NDAs may not be something that is at the top of your to-do list as the CEO of a new company. However, they are helpful for avoiding unnecessary pitfalls as you grow.
These agreements are critical when building partnerships, exploring new business avenues and scaling a company.
What NDAs Are
Non-disclosure agreements, commonly referred to as NDAs, are a tool for protecting your company’s confidential information. They are a legally binding agreement between parties to not disclose confidential information about the business to other people. Typically, NDAs are unilateral which means only one party agrees not to reveal confidential information about the business.
Why They Are Critical
You should use NDAs to prevent someone from coming in and copying your ideas or disclosing your confidential information before the time is right. Additionally, it sets the tone for the business relationships you enter by showing you are serious about confidentiality.
When to Use NDAs
Anytime you disclose information that you don’t want another party to use or disclose to the public, execute an NDA. This rule of thumb applies no matter who you are sharing information with.
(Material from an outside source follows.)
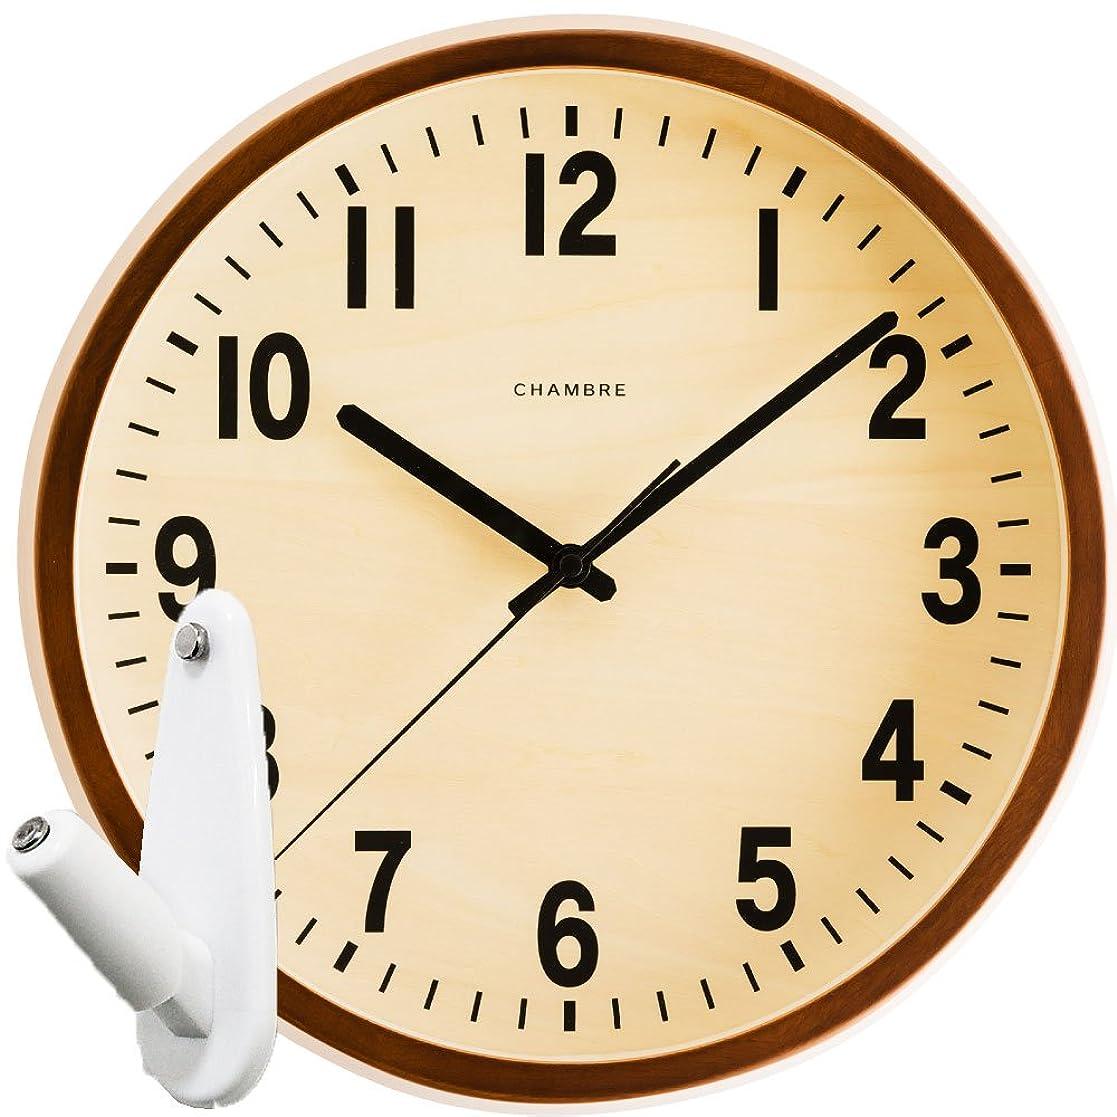 簡略化する疑い者狐CHAMBRE PUBLIC CLOCK CH-027 + 壁の穴が目立ちにくい時計用壁掛けフック 2点セット 掛け時計 掛時計 壁掛け時計 壁掛時計 フック おしゃれ シャンブル パブリッククロック INTERZERO (カフェブラウン)

Some specific examples of times this would be necessary are when you’re hiring contractors, fundraising, working with manufacturers, and negotiating the sale of the company.
What to Cover in an NDA
It’s important that the NDA makes parties aware of their obligations and the consequences of not meeting them. Key terms should be clearly defined. Your NDA should include:
- A specific definition of what is confidential information and what’s not.
- The responsibilities regarding confidential information.
- A reasonable time period for the confidentiality obligations.
- The process for dispute resolution.
- The legal recourse if someone breaches the agreement.